Where the TV show attempted to humanize the formerly antagonistic Terrans, however, the comics fully embrace the dark aspects of the Mirror Universe by showing how Picard and Janeway’s counterparts could be just as ruthless and wicked as the original Terrans as they sought to amass greater power. The decision to make Voyager a pirate ship constantly in danger of internal mutinies was an inspired one, and fitting given the Mirror Janeway’s more opportunistic nature. One suspects Kate Mulgrew would have liked to play this version of Janeway, given how much fun she seemed to have playing a similar character in the Star Trek: Voyager episode “Living Witness.”
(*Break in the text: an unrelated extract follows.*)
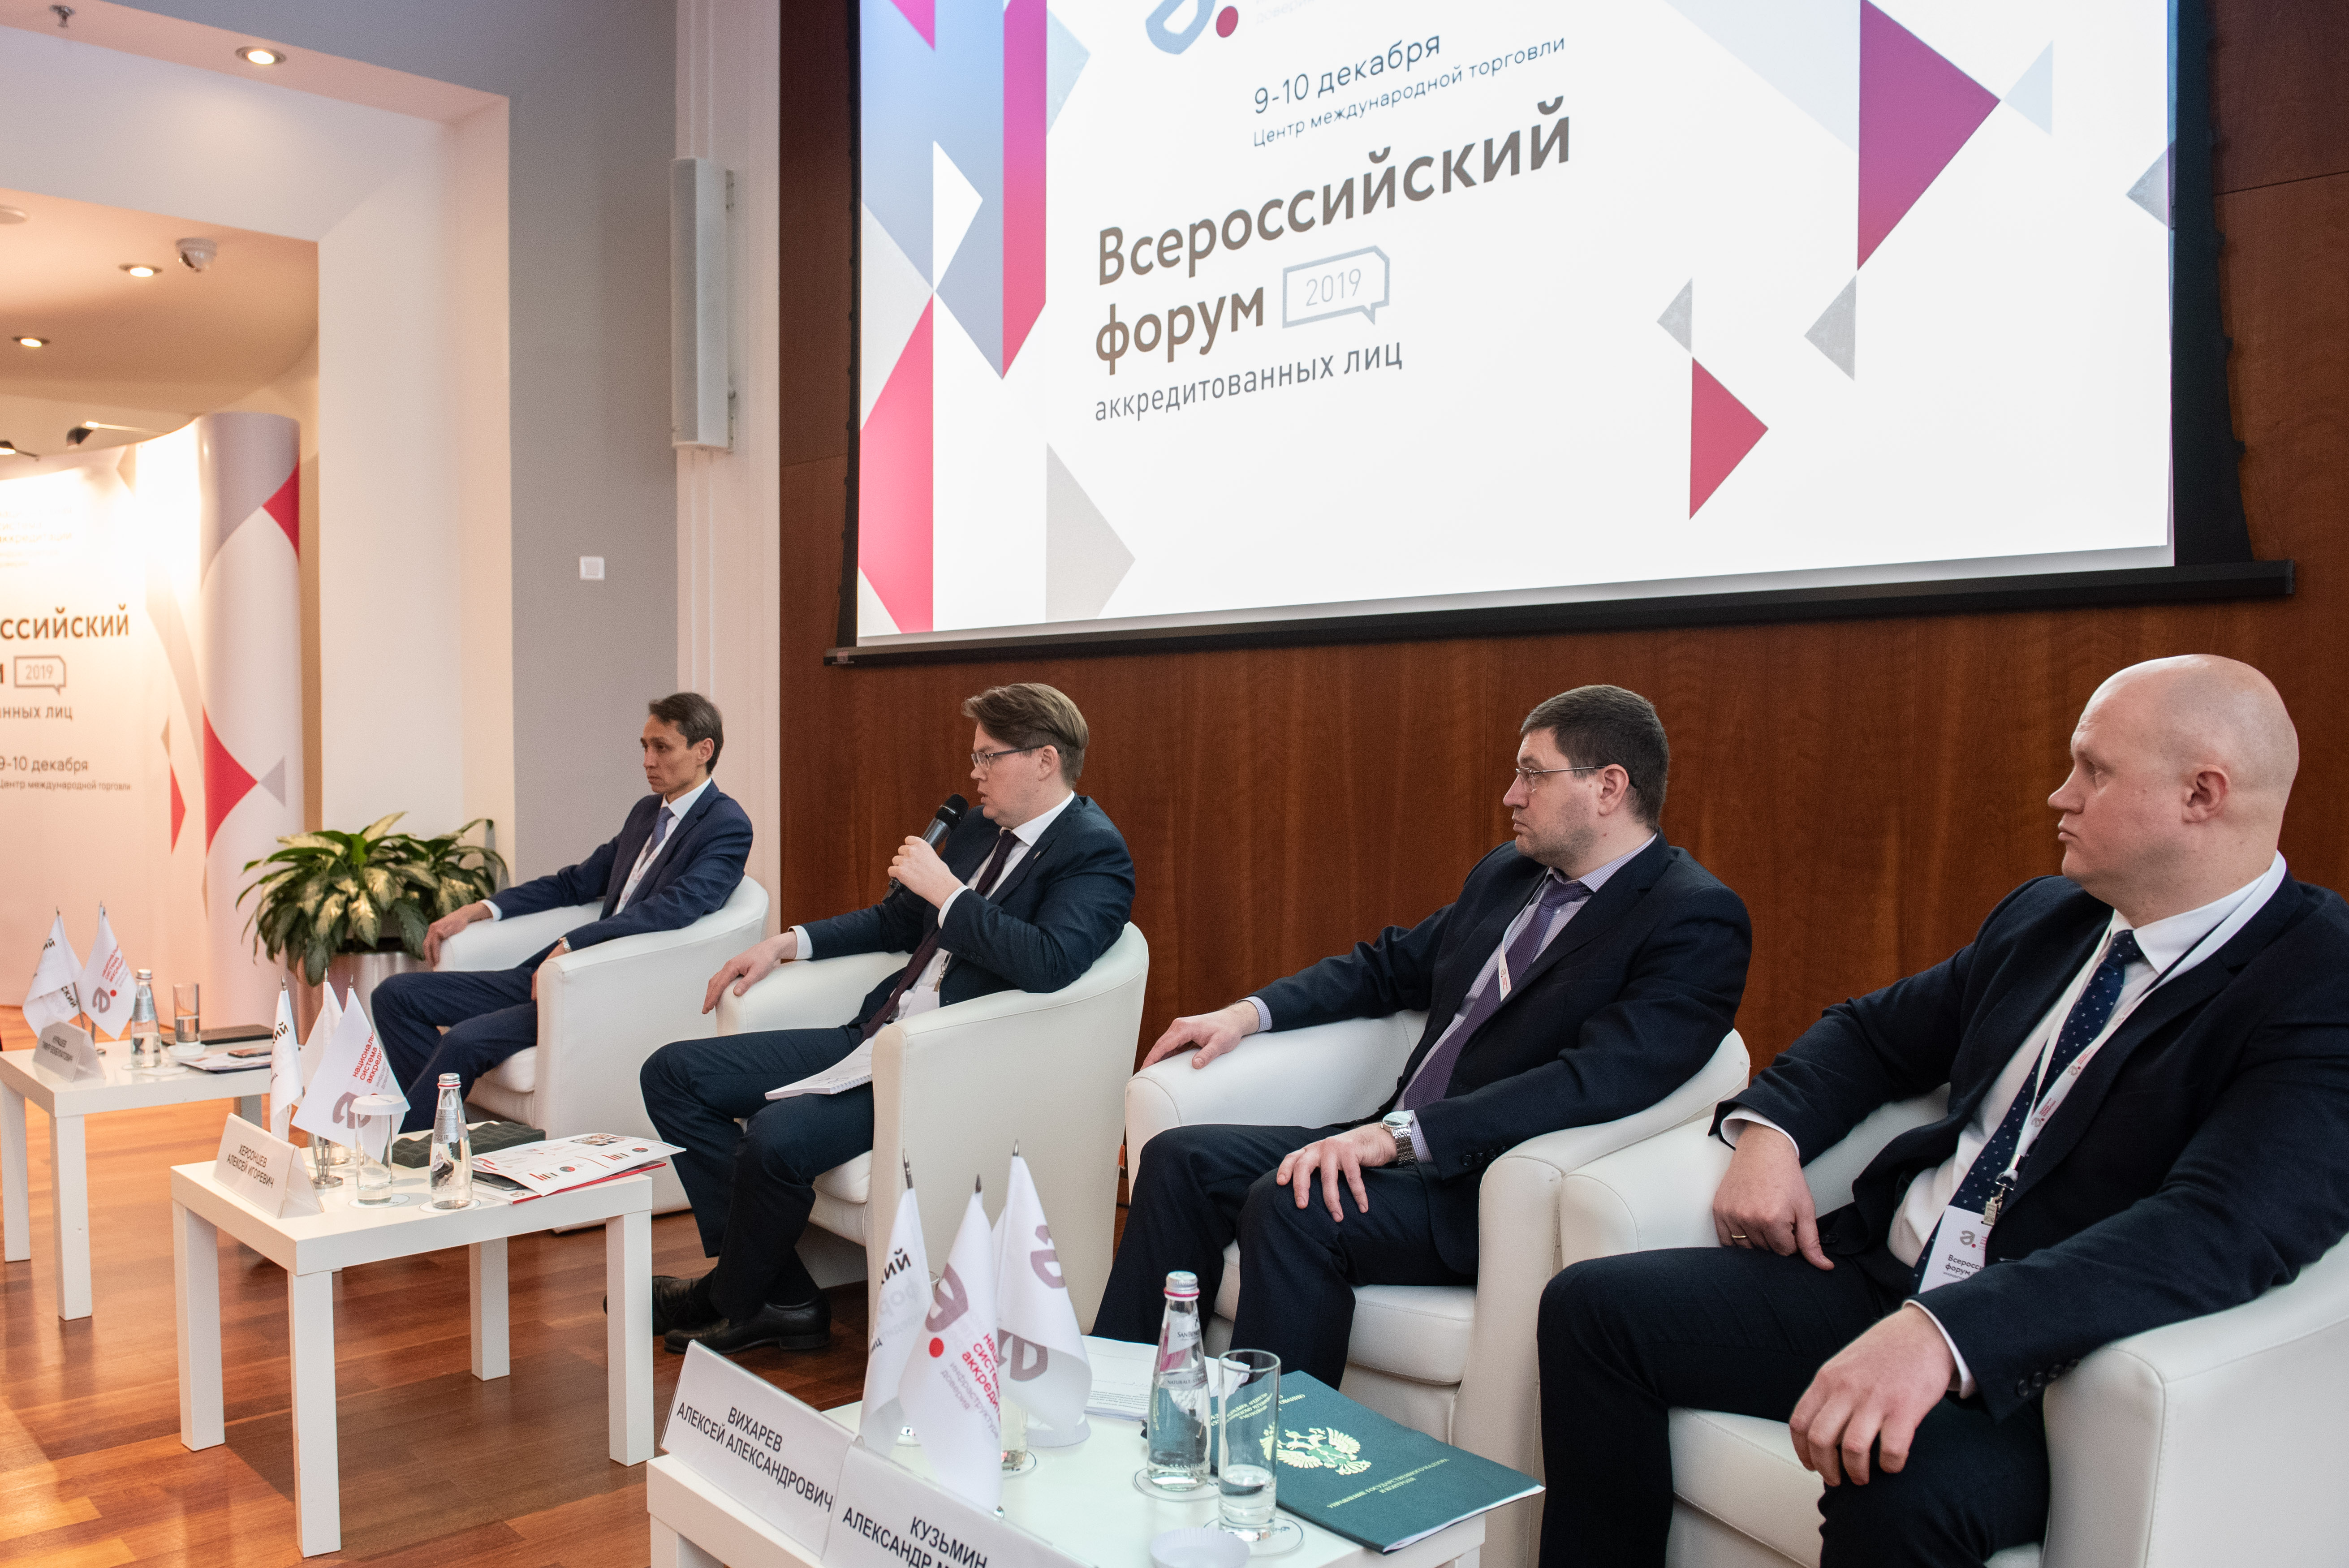 Новое в сфере аккредитации и техническом регулировании на пространстве ЕАЭС обсудили на Всероссийском форуме аккредитованных лиц – 2019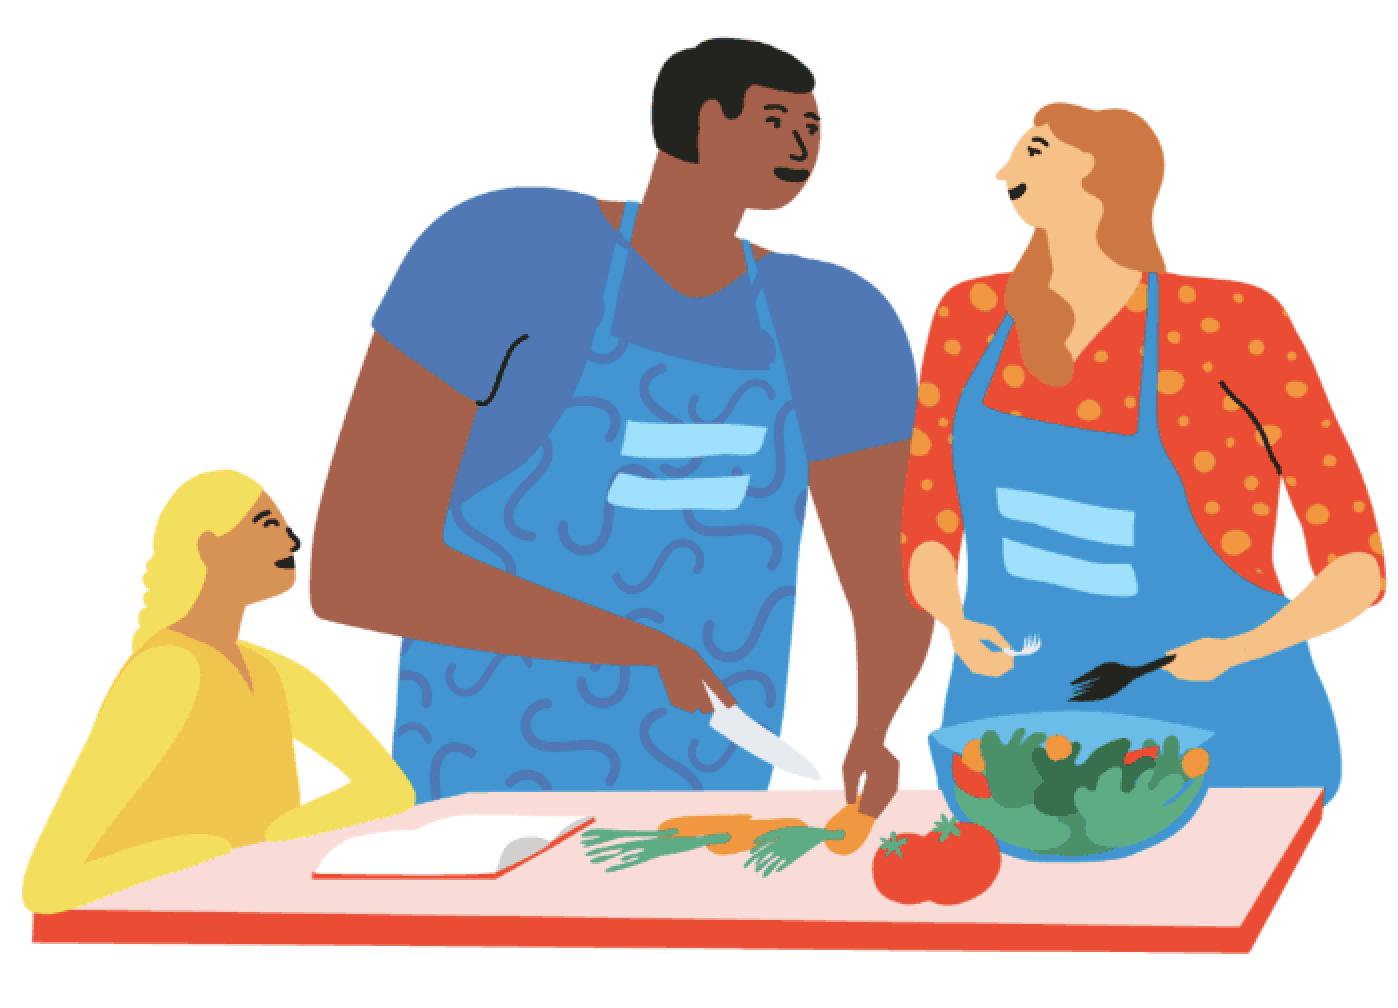 Mujer y hombre compartiendo los cuidados y tareas de la casa, en la imagen cocinan juntos, acompañados de una niña

Since the comic is only a one-shot, the other Voyager crewmates unfortunately don’t get a lot of time to shine. One nice exception is the interplay between Annika Hansen and Kes – as the two rarely had opportunities to interact in the actual show seeing as how Annika/Seven of Nine was brought on to replace Kes. In the Mirror Universe, it almost feels like the two switched personalities, with Kes showing a darker, more ruthless side, and Annika displaying a softer, kinder personality in her dealings with the Doctor. Seeing as how both characters survive at the end of the adventure, the door remains open, should IDW sought fit to resurrect the Mirror Universe version of Star Trek Voyager and continue the dark adventures of Janeway, Annika, and the others.